NM14 scales much better than BCCO10 in these workloads, slightly exceeding the performance of the OCC-ABtree. This is because searches in BCCO10 have to restart many times because of frequent updates along the path to the frequently-accessed keys. A notable outlier in the skewed update-heavy workloads is the SplayList, which had relatively poor read-mostly performance but matches the performance of NM14 and the LF-ABtree on the skewed update-only workload. This may be partially because the SplayList never frees memory (simply marking keys as deleted instead), so reinserting a key that was once in the SplayList requires no memory allocation (which normally adds considerable overhead to the other data structures). This approach is quite efficient in our microbenchmark, but might be less so if the set of keys that are ever inserted is much larger than the set of keys that are typically in the dictionary.

Refer to caption
Refer to caption
Figure 16. YCSB throughput on Workload A. x-axis: number of threads. y-axis: transactions per μ\mus.

6.2. YCSB

The Yahoo! Cloud Serving Benchmark (YCSB) is a standard tool for benchmarking concurrent database indices (Cooper et al., 2010). We run the benchmark using the above data structures as the database index. We run Workload A (50% reads, 50% writes, Zipf factor 0.5) from the YCSB standard workloads, with a uniform access distribution and an initial data structure size of 100M (Figure 16). Figure 16 does not contain the SplayList since it does not reclaim memory and consequently caused the system to run out of memory. Note that the writes in the YCSB workload are to the database itself, not the index. That is, a YCSB write simply reads the row pointer from the index, then locks the row, updates it, and unlocks it (without modifying the index). As a result, the results are closest to our microbenchmark uniform read-mostly workload.

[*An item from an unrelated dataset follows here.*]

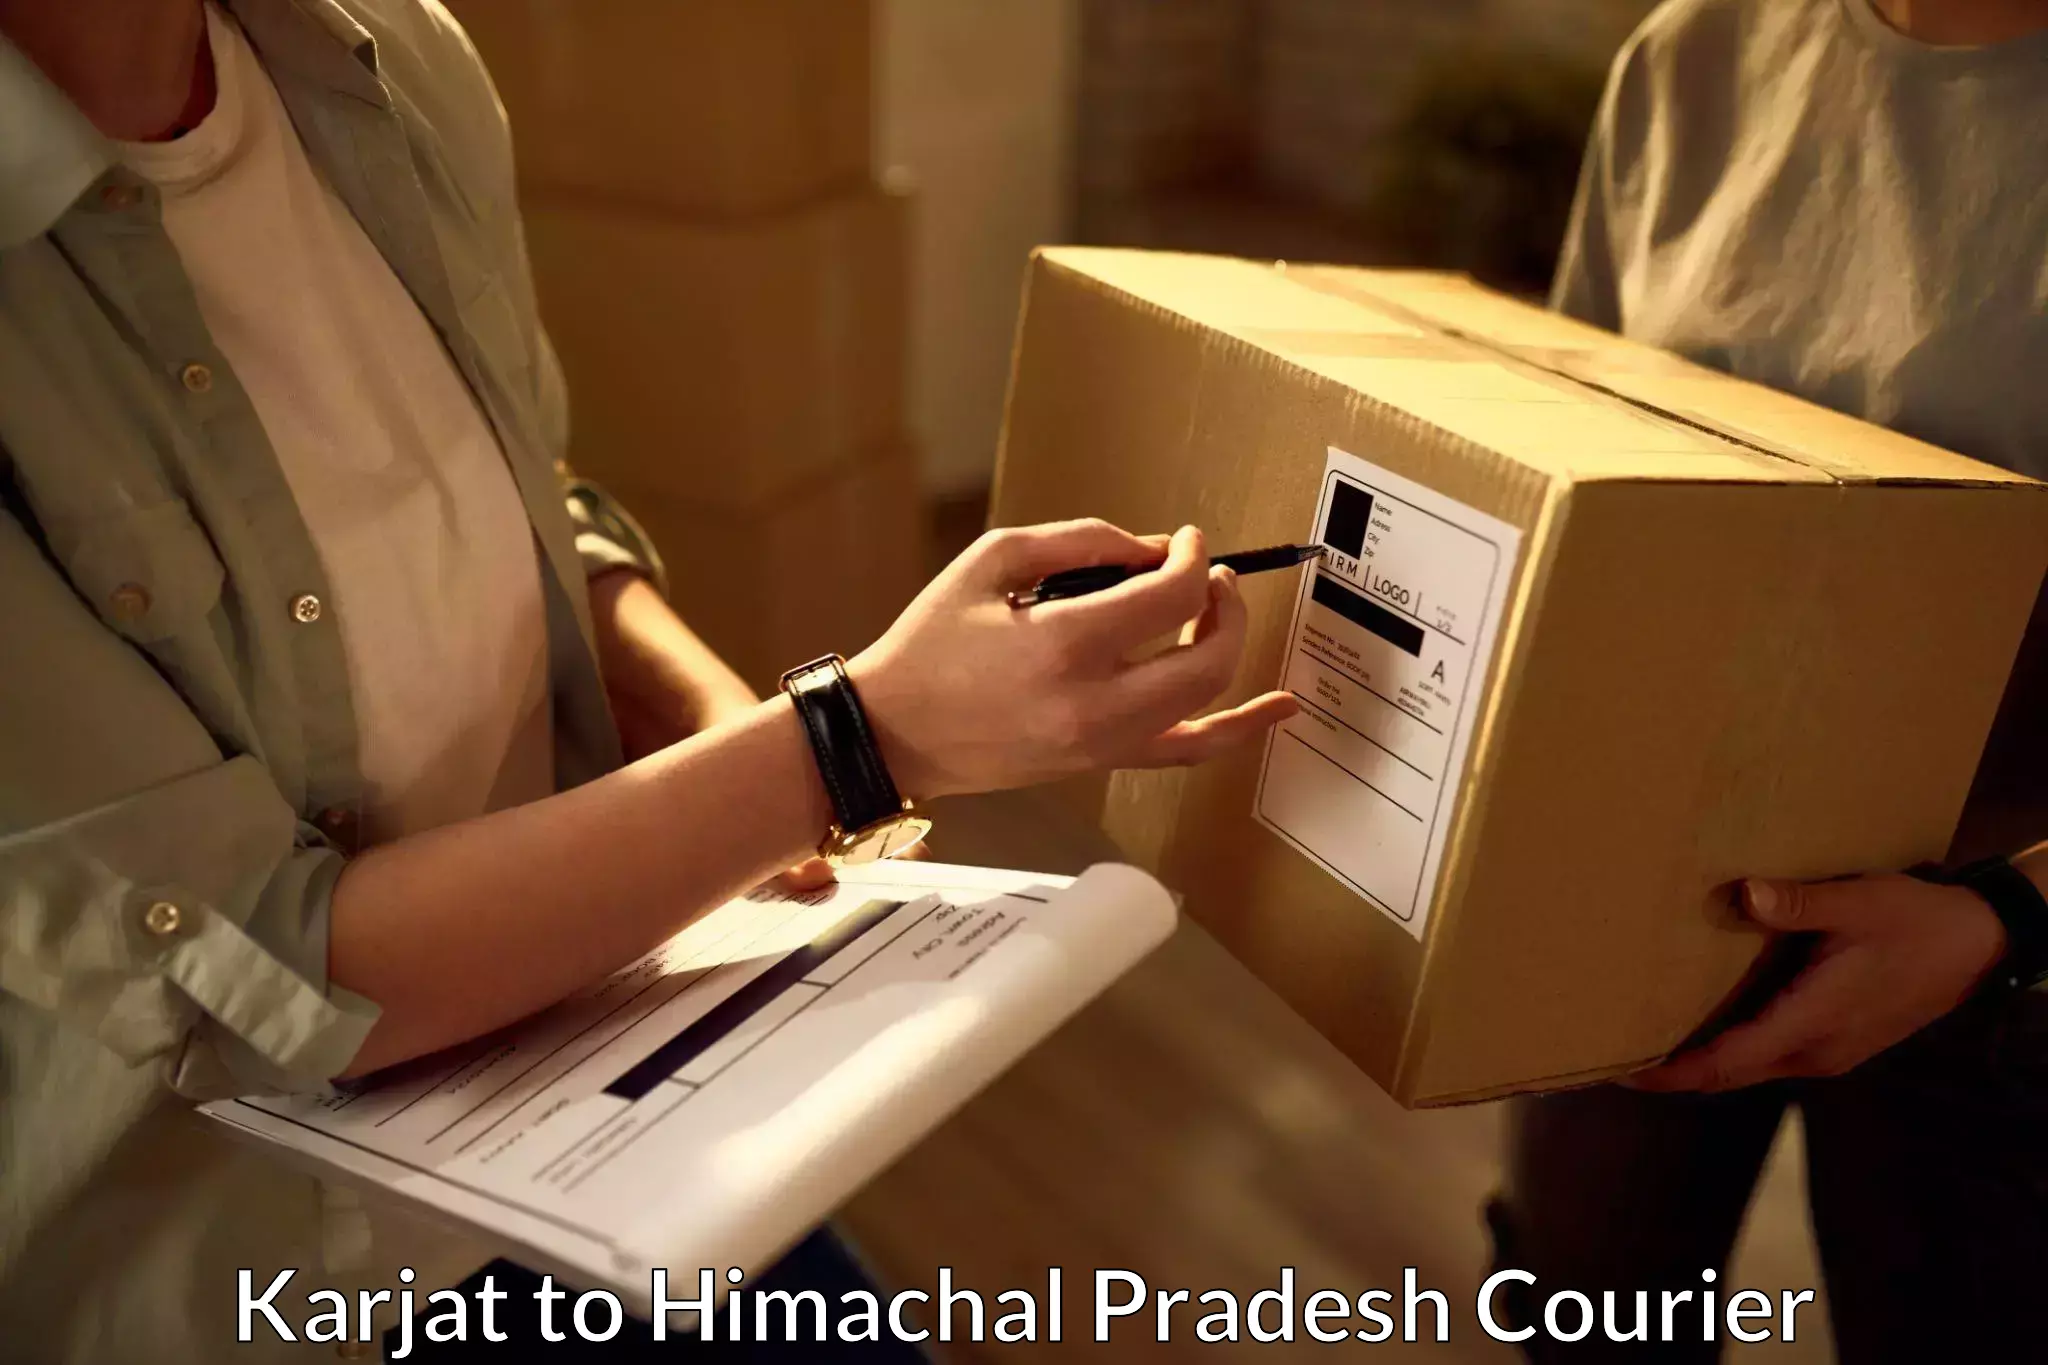 Professional courier handling Karjat to Baijnath

6.3. Persistence experiments

Of the concurrent persistent trees in Section 2, only the FPTree and RNTree have publicly available implementations that passed our validation scheme (both implementions were from (Liu et al., 2019)). However, these implementations do not reclaim memory.

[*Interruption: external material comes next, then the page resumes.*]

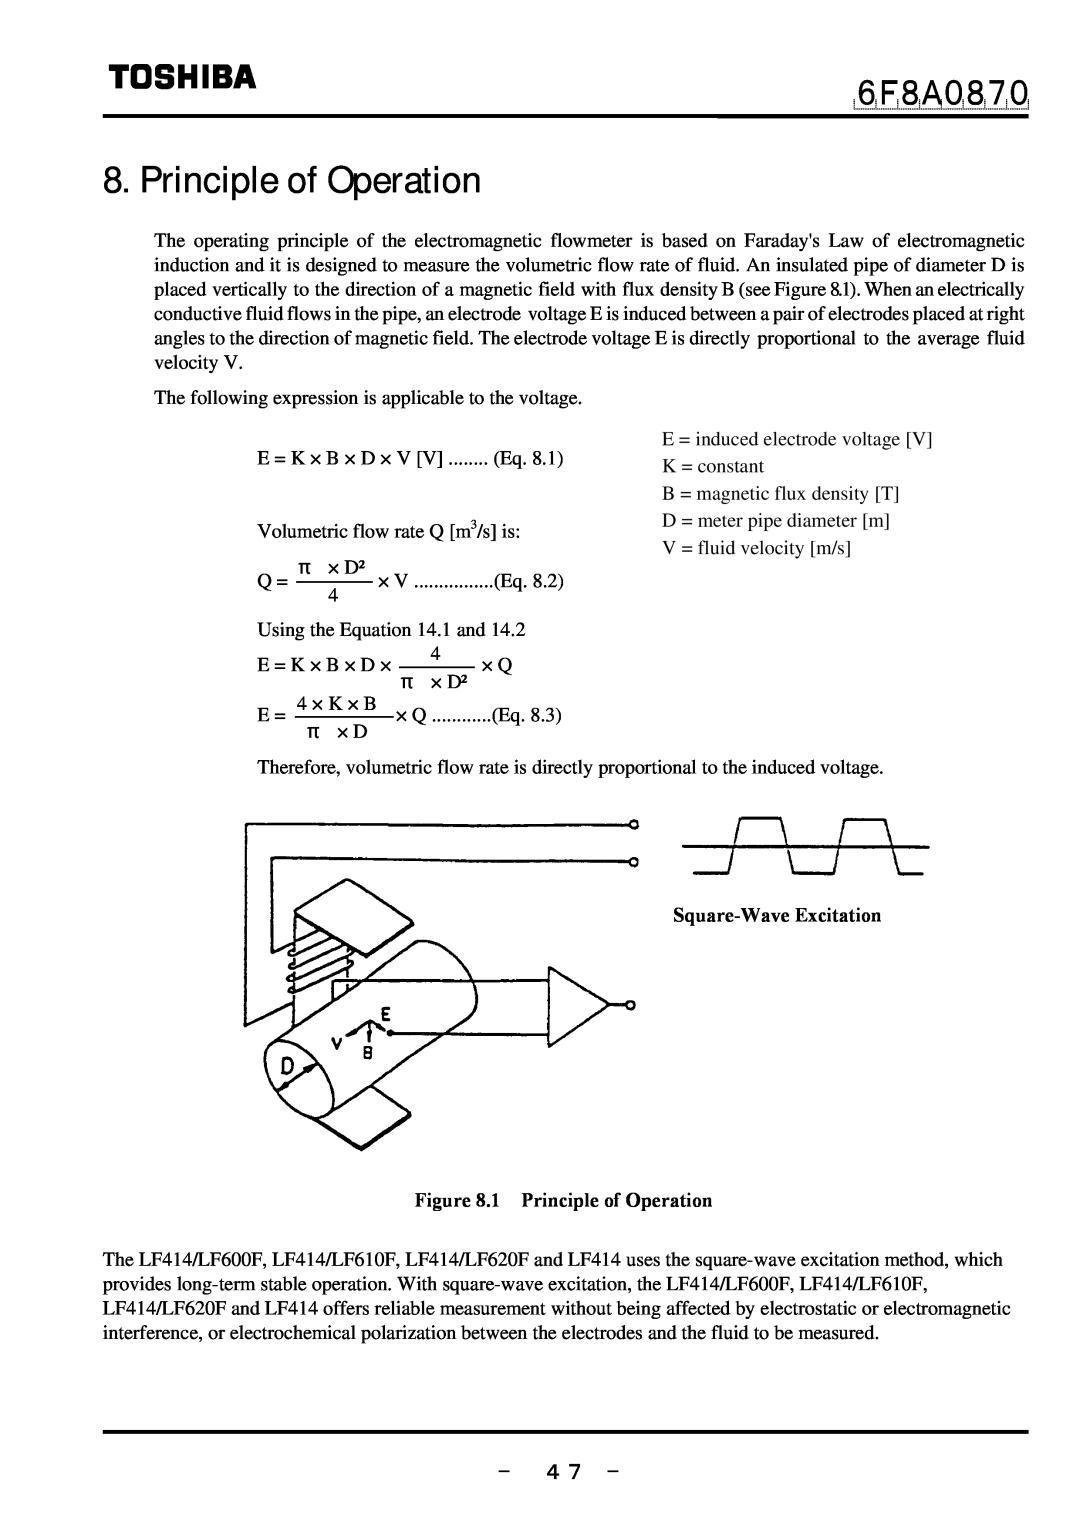 Toshiba LF414 manual － ４７ －, ６Ｆ８Ａ０８７０, Square-Wave Excitation .1 Principle of Operation

Figure 17 shows the results of our microbenchmark on our persistent memory machine. Even with the overhead of reclaiming memory, the p-OCC-ABtree and p-Elim-ABtree outperform both the FPTree and the RNTree on all thread counts. (Results on smaller/larger key ranges and different update percentages were similar). In the uniform case, the FPTree performs similarly to our trees at low thread counts but exhibits extreme negative scaling when running on 2 sockets (96 threads). However, this might be an artifact of this particular implementation, since the original paper shows better scaling on 2 sockets. The RNTree performs worse than the FPTree on uniform workloads, but slightly better on the Zipfian workload. Both the FPTree and RNTree also exhibit negative scaling in the Zipfian case, even when running on only one socket.

Refer to caption
Refer to caption
Refer to caption
Figure 17. Comparing with other persistent trees: SetBench microbenchmark with 1M keys, 50% updates (25% insert and 25% delete). Left: Uniform access distribution. Right: Zipfian access distribution (with Zipf factor 1). x-axis: number of threads. y-axis: operations per μ\mus.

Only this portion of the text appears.